# Dobrosov Bunker - Czech Rep Oct 2015



## Newage (Oct 20, 2015)

So here we go with a quick hope over the boarder to the Czech Rep.

One thing you have to remember is that 99% of all Czech bunkers are open to the public and do tours. This one was a little different at it was a guided tours without a guide (top banana)

These Forts were built in the 1930`s to protect the country from invasion from Germany but in the end that never happened. They look like Maginot line bunkers as this would of been the hight of defence technology at the time.

We entered the complex via surface bunker N-S75 and walked god knows how far and then came out of the complex at block house N-S72

This is block house/artillery fort N-S75












After a quick look around the surface structure we headed deep underground, this is a shot looking up the stair well from the bottom, lost my bottle to do a looking down shot.






At the bottom are large passages going off left and right these were for barracks, cooking areas and shell and machine gun ammunition storage magazines.











Once you leave bunker N-S75 there is a very long passage that links all the way to bunker N-S72











Between the 2 bunker complexes there are many unfinished plain rock passages, some show signs of roof falls and some are flooded.






Then you get to the bottom of the stair well for bunker N-S72, and that is even more steps than the way down as the ground has risen on the surface.






Then at the top you are in the heavley damaged N-S72 block house











Well that`s it all comments are most welcome so thanks for looking and there are more pictures on my FlickR account so why not head over to :-
https://www.flickr.com/photos/newage2/albums/72157660076440732

Cheers Newage

Oh as a last bonus picture, I went with my explore buddy


----------



## krela (Oct 20, 2015)

Now I know it's back to the future day tomorrow, but you explored this in Oct 2016?? C'mon!
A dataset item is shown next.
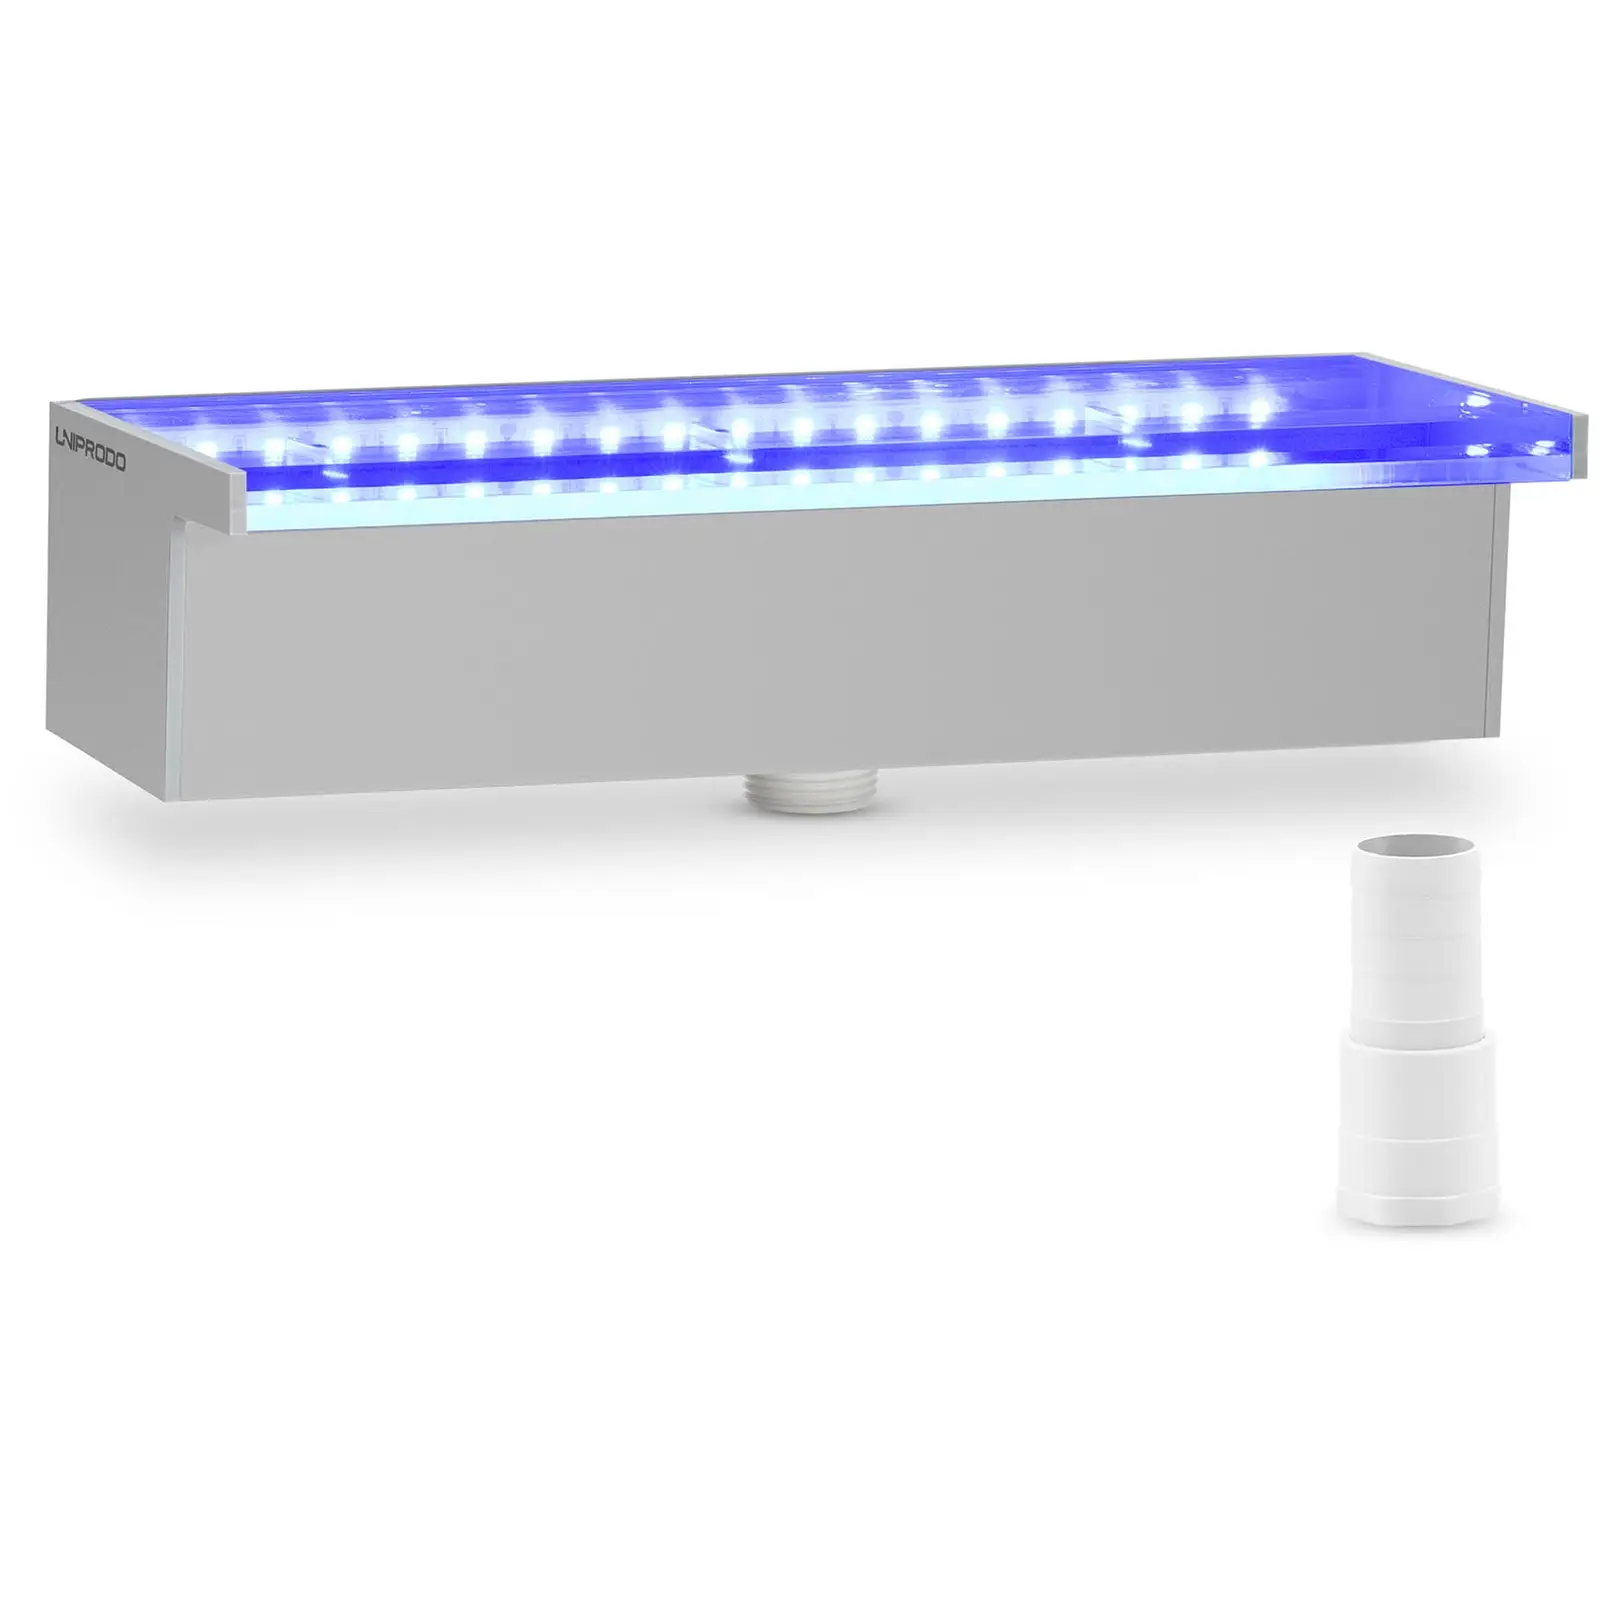 Chrlič vody - 30 cm - LED osvětlení - modrá/bílá barva - nízký vývod vody

Gotta love a bit of concrete, they make our T24s look a bit pitiful.


----------



## J_a_t_33 (Oct 20, 2015)

Wow loved this one, thanks


----------



## smiler (Oct 20, 2015)

Nice to see one with power for the lighting, you did a cracking job there Newage, I enjoyed looking, Thanks


----------



## King Al (Oct 20, 2015)

Awesome pics Newage! This looks fantastic!


----------



## HughieD (Oct 20, 2015)

Great set. That looks like a who lot of subterranial fun!


----------



## fluffy5518 (Oct 20, 2015)

Bloody big WOWSER !! Bet you were knackered climbing all those stairs (what with all that smoking/drinking and endulging in dodgy acts !!) Now that did look like a really good mooch espescially being guide-LESS !! These foreign chappies do seem to take a certain pride in their history - Something that we do in theory but not so much in practise. !!


----------



## UrbanX (Oct 21, 2015)

Thats amazing! 
Fantastic photos as usual sir! Thanks for sharing


----------



## flyboys90 (Oct 22, 2015)

What a belter! and you got some awesome shots.


----------



## night crawler (Oct 22, 2015)

So that's where Stuart go to. Awesome shots the bunker looks very oppressive and not to user friendly with those ladders. That last one took some shit form the look of things


----------